Nurd stepped forward.
“You’re a fool,” said Nurd.
“And why is that?” said Hilary Mould.
“Because you trust the Shadows, and you trust Mrs. Abernathy. When the Shadows come through, they’ll smother you along with everything else in this universe, and Mrs. Abernathy won’t protect you. She won’t even be able to protect herself. The Shadows are the only entities in the Multiverse that the Great Malevolence could not bend to its will. They are its enemies as much as ours. If the Great Malevolence could not make them do its bidding, why do you think one of its lieutenants—a lieutenant, by the way, who has twice been defeated by a boy and his dog—would be able to succeed where it has failed?”
“She is strong,” insisted Hilary Mould.
“She is weak,” said Nurd. “The Great Malevolence had turned its back on her even before Samuel and the rest of us tore her apart. She had failed the Great Malevolence, and it had no more use for her.”
An expression of unease flickered on Hilary Mould’s rotted features. Nurd picked up on it immediately.
“Ah, she didn’t mention that, did she? She didn’t tell you that she’d been cast aside by her master. We are stronger than she is, and we always have been. You’ve been tricked, Mr. Mould. When the Shadows come, your alliance with her won’t save you. If you do get eternal life out of this, you’ll spend it in nothingness with the Shadows pressing down on you, and if I were you, I’d rather have no life at all.”
Hilary Mould’s confidence was crumbling, just as his body was. He wanted to convince himself that Nurd was telling lies, but he could not. Nurd’s words had the weight of truth to them.
“She was only ever using you,” said Nurd. “That’s what she does. She’s clever and ruthless. When she’s finished using you—and that should be pretty soon, I think—she’ll cast you to the Shadows, and you’ll wish you had just toddled off and died properly years ago instead of hanging about in old shops in the hope of ruling the world someday.”
By now, Hilary Mould had no doubts left. Nurd was right.
“The engine,” said Hilary Mould as the dreadfulness of his fate became clear to him. “The engine must be turned off.”
“How?” said Nurd.
But before Hilary Mould could reply, his lower jaw dropped to the floor. He knelt to retrieve it, but his left leg shattered below the knee and he toppled sideways. Samuel ran to him. He was thinking of Crudford. If Crudford could find Mrs. Abernathy’s heart and steal it away, the force powering the engine would be gone, and the Shadows would not be able to escape from their world into this one.

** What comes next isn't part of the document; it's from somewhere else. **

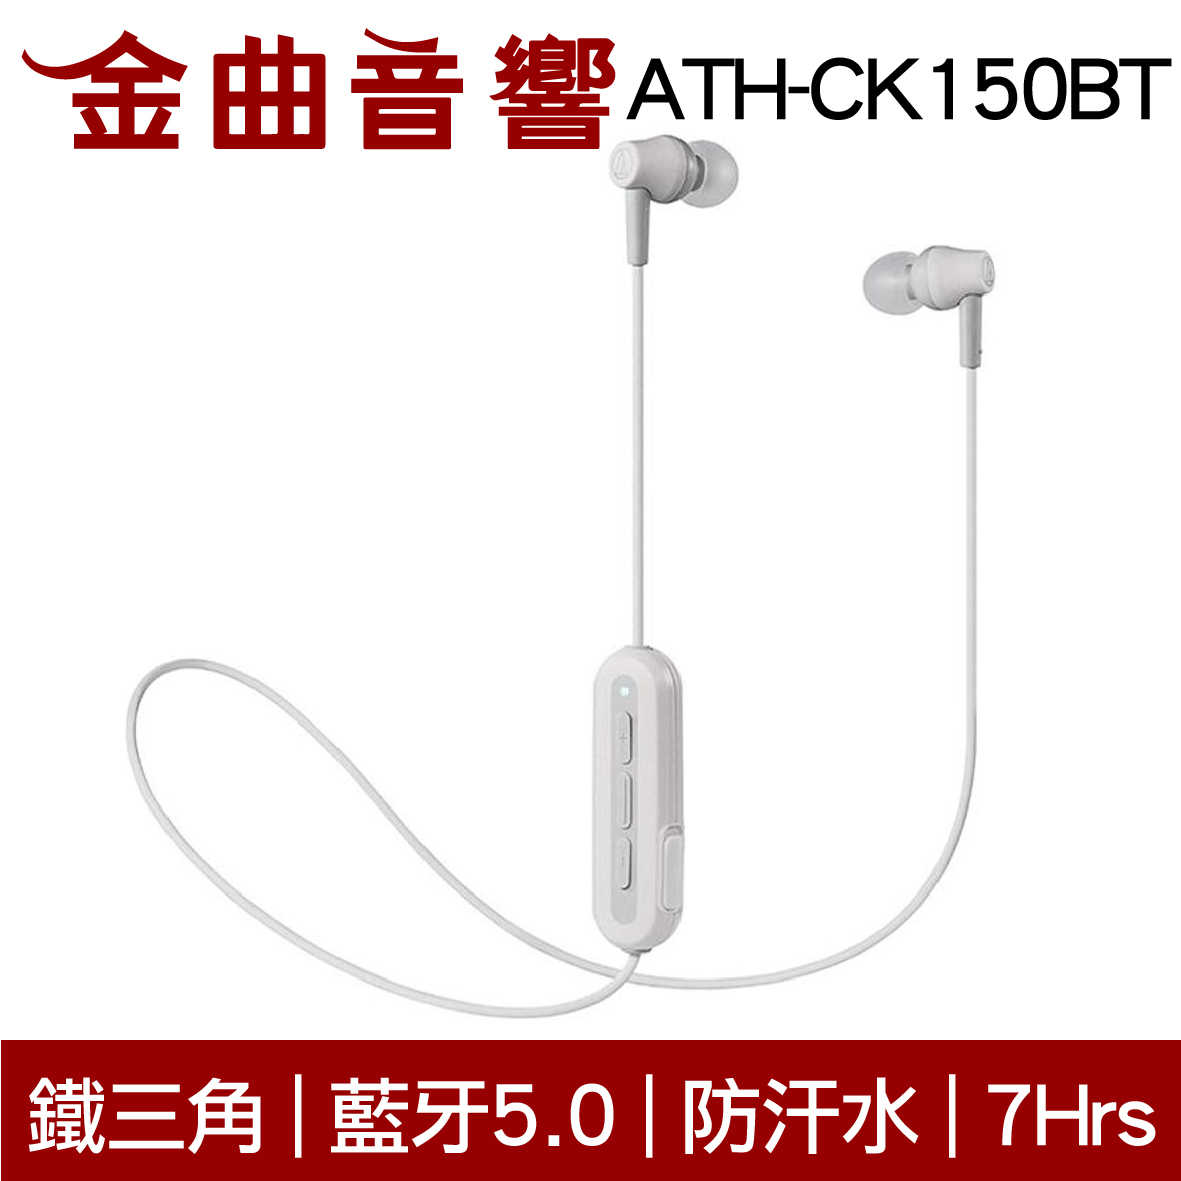 鐵三角 ATH-CK150BT 狂熱色 可通話 無線 藍牙 耳道式耳機 | 金曲音響

“Where is the heart, Mr. Mould?” said Samuel. “Tell us, please!”
Hilary Mould had only one finger left. He slowly unbent it from his fist, but before he could point it the grotto behind him began to fall apart. Samuel barely had time to get out of the way before the heavy stones fell on Hilary Mould, turning him to dust.
Samuel’s ears rang from the sound of the clashing stones. His eyes and mouth were filled with dry matter, some of it almost certainly bits of Hilary Mould. He spat them out.
There was a thumping noise in his head: the beating of a heart that was not his own. It was almost as though Mrs. Abernathy had already entered him, just as Hilary Mould had threatened. He tried to find the source of the sound. It was coming from the group of humans and nonhumans nearby.
It was coming from inside one of them.
The others seemed to realize it at the same time as Samuel. Slowly they moved away from one another—watching, listening—before grouping together again as they narrowed down the source, until at last a single figure was left standing alone, and the identity of Mrs. Abernathy’s host was revealed.